Studio album by L'Arc-en-Ciel
- Released: July 14, 1994
- Genre: Post-punk
- Length: 52:03
- Label: Ki/oon
- Producer: L'Arc-en-Ciel

L'Arc-en-Ciel chronology
| Dune (1993) | Tierra (1994) | Heavenly (1995) |

Singles from Tierra
- "Blurry Eyes" Released: October 21, 1994;

= Tierra (L'Arc-en-Ciel album) =

Tierra is the second studio album by L'Arc-en-Ciel, released on July 14, 1994.

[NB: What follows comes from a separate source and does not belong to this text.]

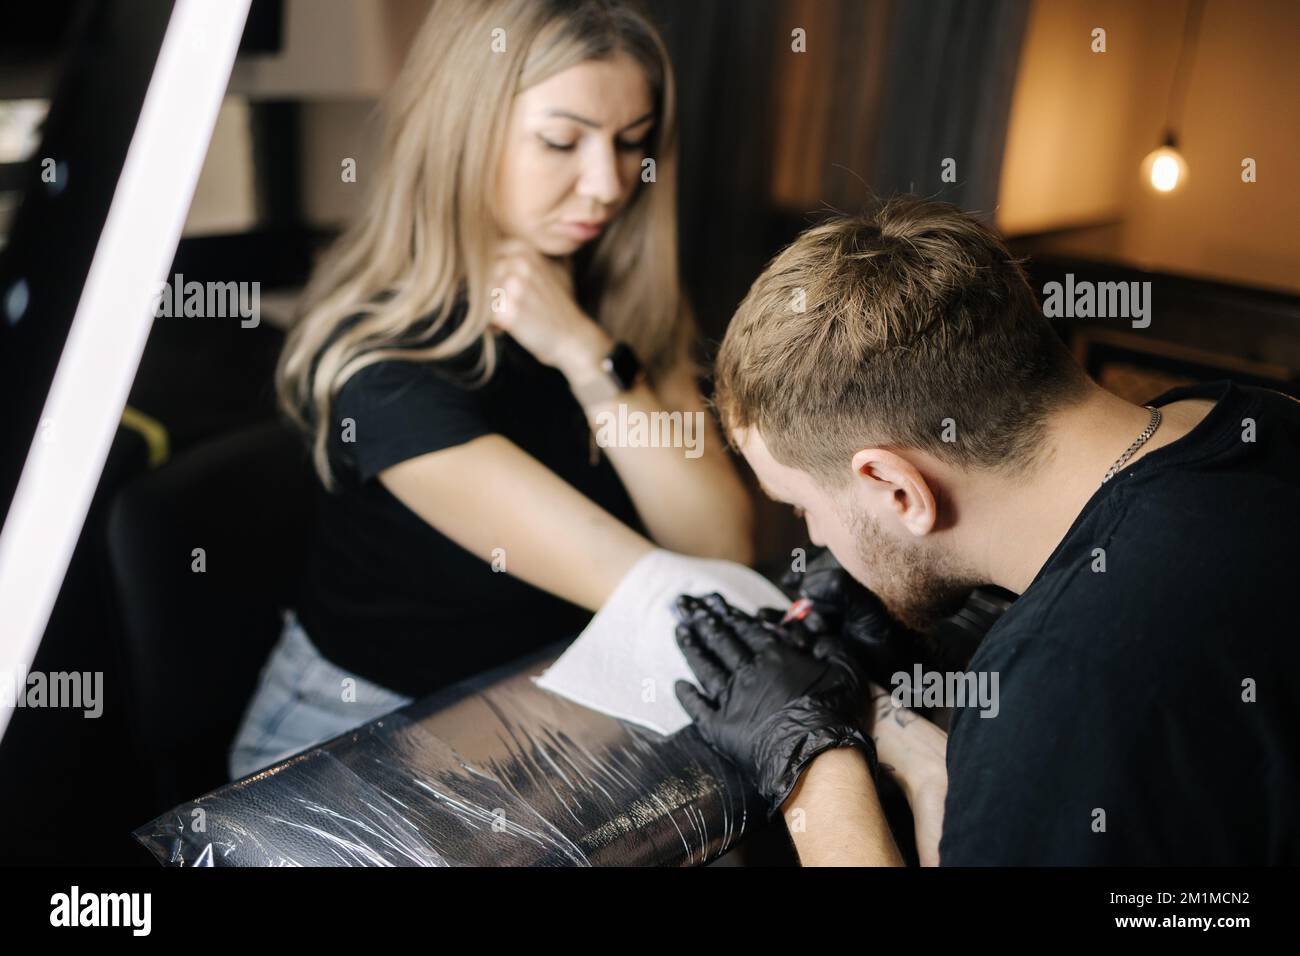 Young smiled tattoo artist is tattooing a woman's hand. Wireless tattoo machine, safety and hygiene at work. Close-up of tattoo artist work. Tattoo Stock Photo

It debuted at number 7 on the Oricon Albums Chart. It was later certified platinum by the RIAJ in 1998, selling 400,000 copies.

==Track listing==

| No. | Title | Music | Length |
|---|---|---|---|
| 1. | "In the Air" | hyde | 4:51 |
| 2. | "All Dead" | hyde | 4:17 |
| 3. | "Blame" | tetsu | 5:11 |
| 4. | "Wind of Gold" | ken | 4:29 |
| 5. | "Blurry Eyes" | tetsu | 4:20 |
| 6. | "Inner Core" | sakura | 5:31 |
| 7. | "Nemuri ni Yosete" (眠りによせて) | ken | 5:15 |
| 8. | "Kaze no Yukue" (風の行方) | ken | 5:24 |
| 9. | "Hitomi ni Utsuru Mono" (瞳に映るもの) | ken | 4:47 |
| 10. | "White Feathers" | ken | 7:58 |

==Personnel==
- hyde – vocals
- ken – guitar
- tetsu – bass guitar
- sakura – drums, percussion
- Haruo Togashi – keyboards
- Kuni Tanaka – saxophone

== Charts ==

| Chart (1994) | Peak position |
|---|---|
| Japanese Albums (Oricon) | 7 |

== Certifications ==

| Region | Certification | Certified units/sales |
| Japan (RIAJ) | Platinum | 400,000^{^} |
^{^} Shipments figures based on certification alone.